Franzen and colleagues including Philip Gingerich, the lead author on the Ida team's latest paper, wrote in a statement for the media that their new analysis "was made by excluding fossil taxa consisting only of small fragments like single teeth or jaws."

They did not write that the new analysis, published September 15 in the Journal of Human Evolution, excludes all fossils other than Ida, comparing her only to eight living primates. For comparison, similar studies of fossil primates by other researchers have examined up to 117 species. Franzen told Nature, "There are almost no skeletons comparable to Darwinius...our opponents are referring mostly to fragments of jaws and teeth."

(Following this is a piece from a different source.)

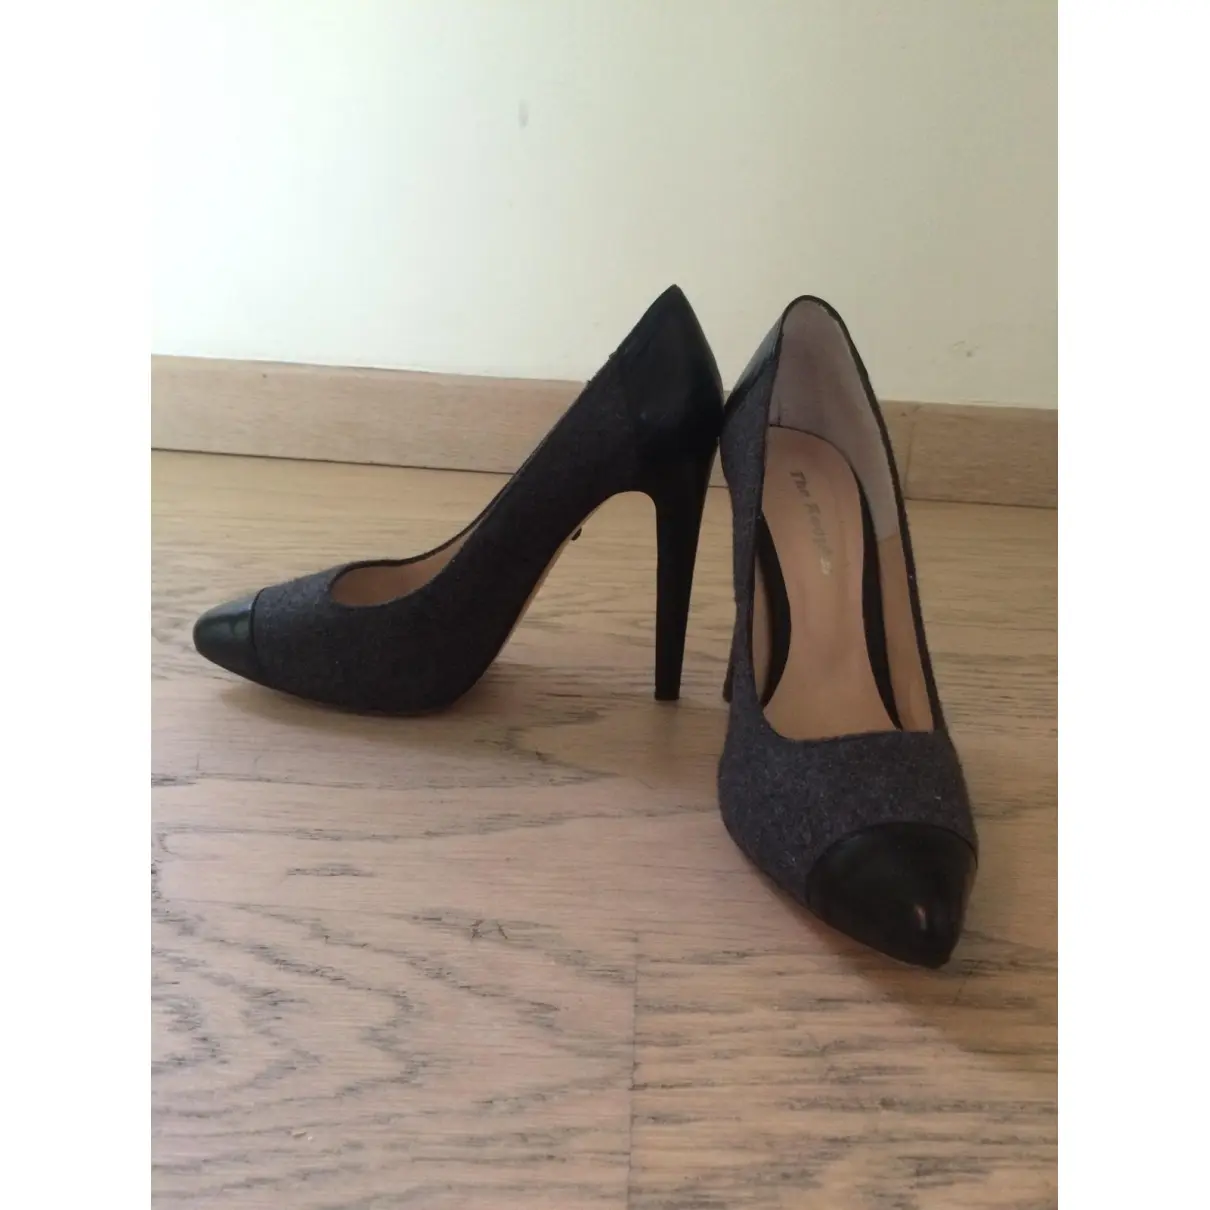 Buy The Kooples Leather heels online

Other paleontologists are not buying the argument. Paleontologist John Fleagle of the State University of New York in Stony Brook says, "Why not include data from the many fossils from the past 54 million years?" Evolutionary anthropologist Blythe Williams at Duke University in Durham, N.C., lead author of one of the papers that placed Ida among the lemur ancestors, says, "I'd love to see an analysis like they're doing with a much broader [range of] taxa", including some "spectacularly preserved" fossil lemurs.

Building a family tree--or phylogeny--always includes some subjectivity: in addition to choosing which species to include, researchers must decide which characteristics of each species to include in the analysis, and then they must score each characteristic. For Ida, that might involve deciding which bones in the ear are relevant and comparing their shapes or relative sizes to those in other species.

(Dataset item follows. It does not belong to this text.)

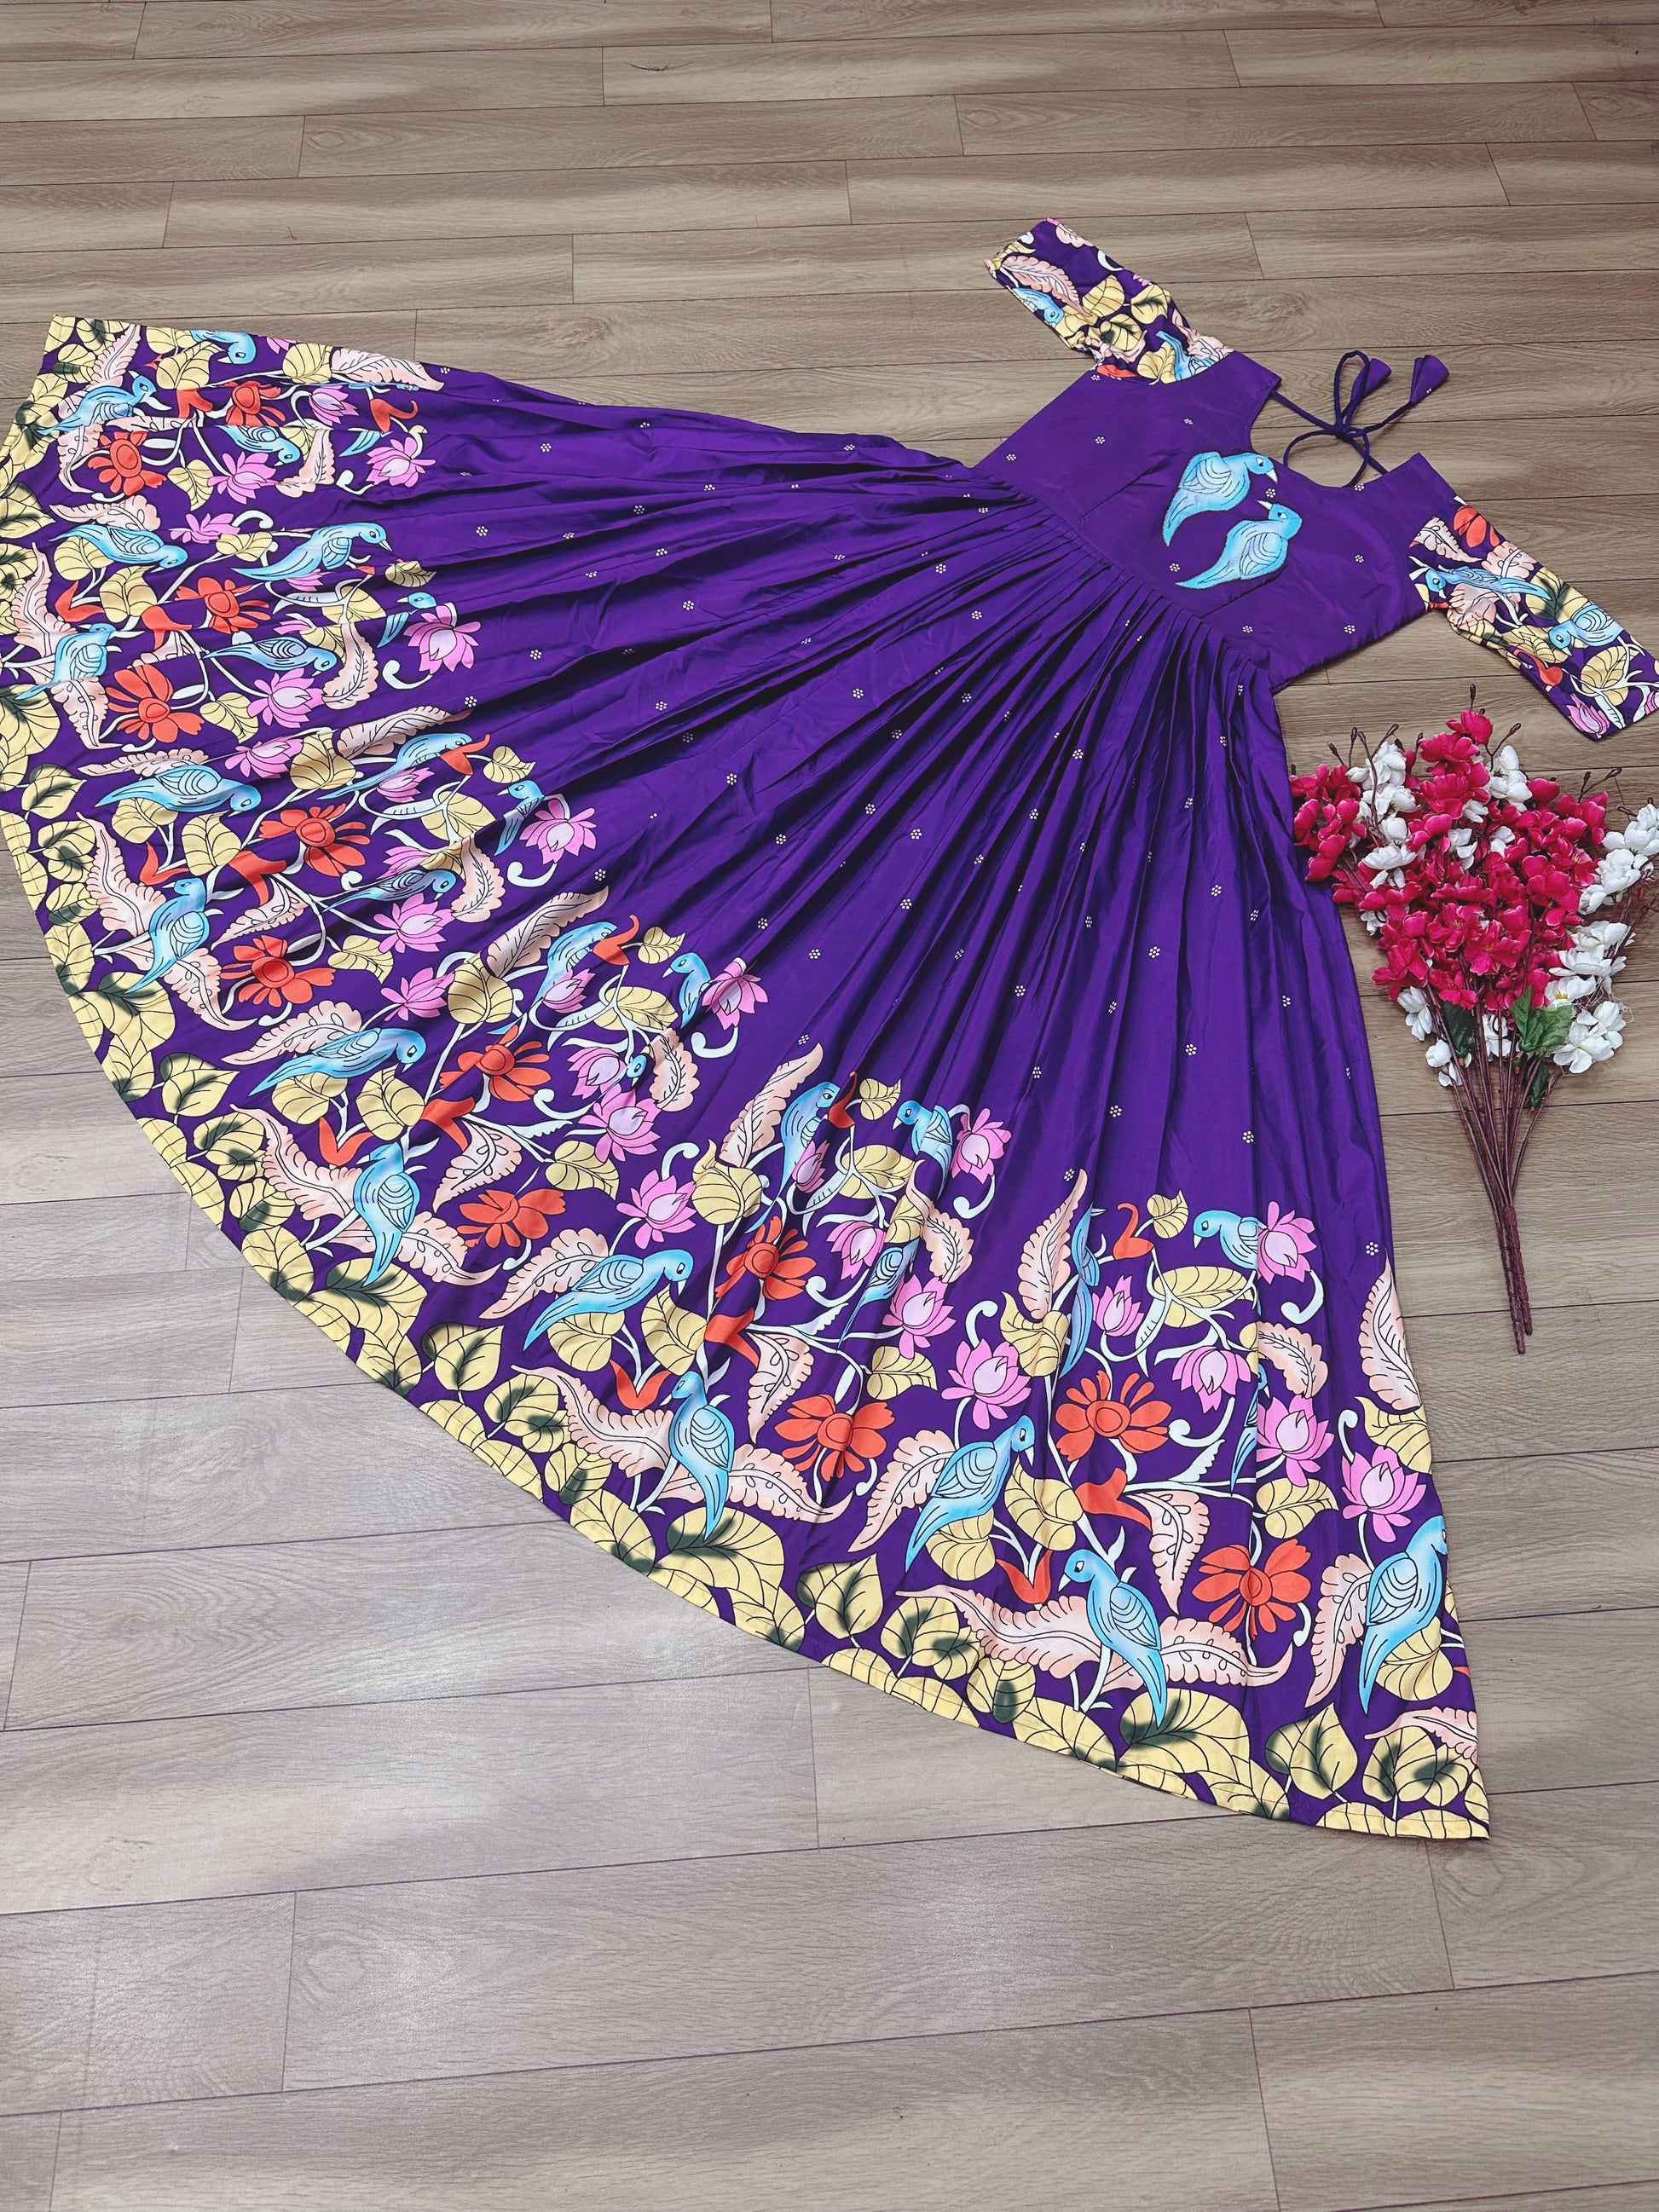 Violet kalamkari cotton dress - THEHANDLOOMPROJECT

Paleoanthropologist Russell Ciochon of the University of Iowa in Iowa City wrote in an email: "the critical factor is always who did the scoring--don't let Williams et al. off the hook here either--they are equally as guilty as Gingerich et al. when it comes to 'creative' character scoring."

Yet many researchers agree that more data is better, even if not all the included fossils are as intact as Ida. "If you have a new fossil species...you have to compare it to other fossils," says phylogenetic biologist John Wiens of the State University of New York at Stony Brook. "It's not that controversial."

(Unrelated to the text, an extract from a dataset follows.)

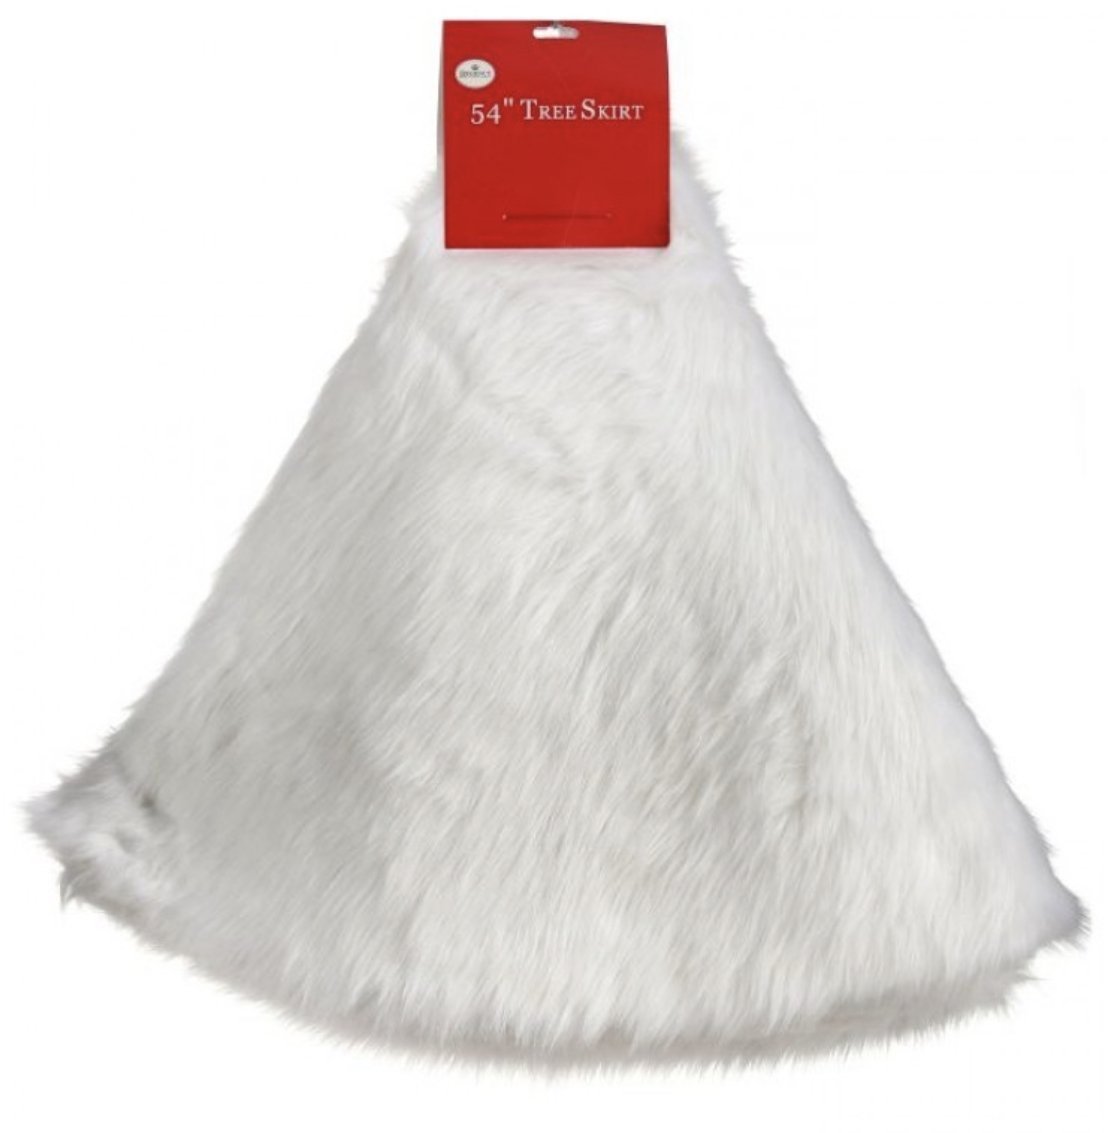 White fur Christmas tree skirt - 54” - Greenery Market Christmas

Progress, funeral by funeral

The condition of the fossil is also a bone of contention. "If Darwinius were as beautiful and complete as we're led to believe, there would be less controversy," says paleontologist Chris Beard of the Carnegie Museum of Natural History in Philadelphia, Penn. "Its ear would be definitive."

The ankle, which Williams and colleagues claim looks too crushed in photographs to be reliable, is also the kind of fragment on which other entire species classifications rely. Franzen says the team completed high-resolution computed tomography (CT) scans of Ida's hands and feet (only the head was scanned in high resolution in time for the 2009 announcement) too late for the present paper, but that they are analyzing the data now. Williams says that when one of her collaborators asked for access to Ida material before writing their paper, they were told it was not available.

"What we are seeing now with this current exchange of papers is nothing more than the normal back and forth of peer review that takes place every day in the pages of scientific journals far outside the public's imaginations or interest," writes Ciochon. "Science moves forward funeral by funeral ... almost no one ever changes their mind."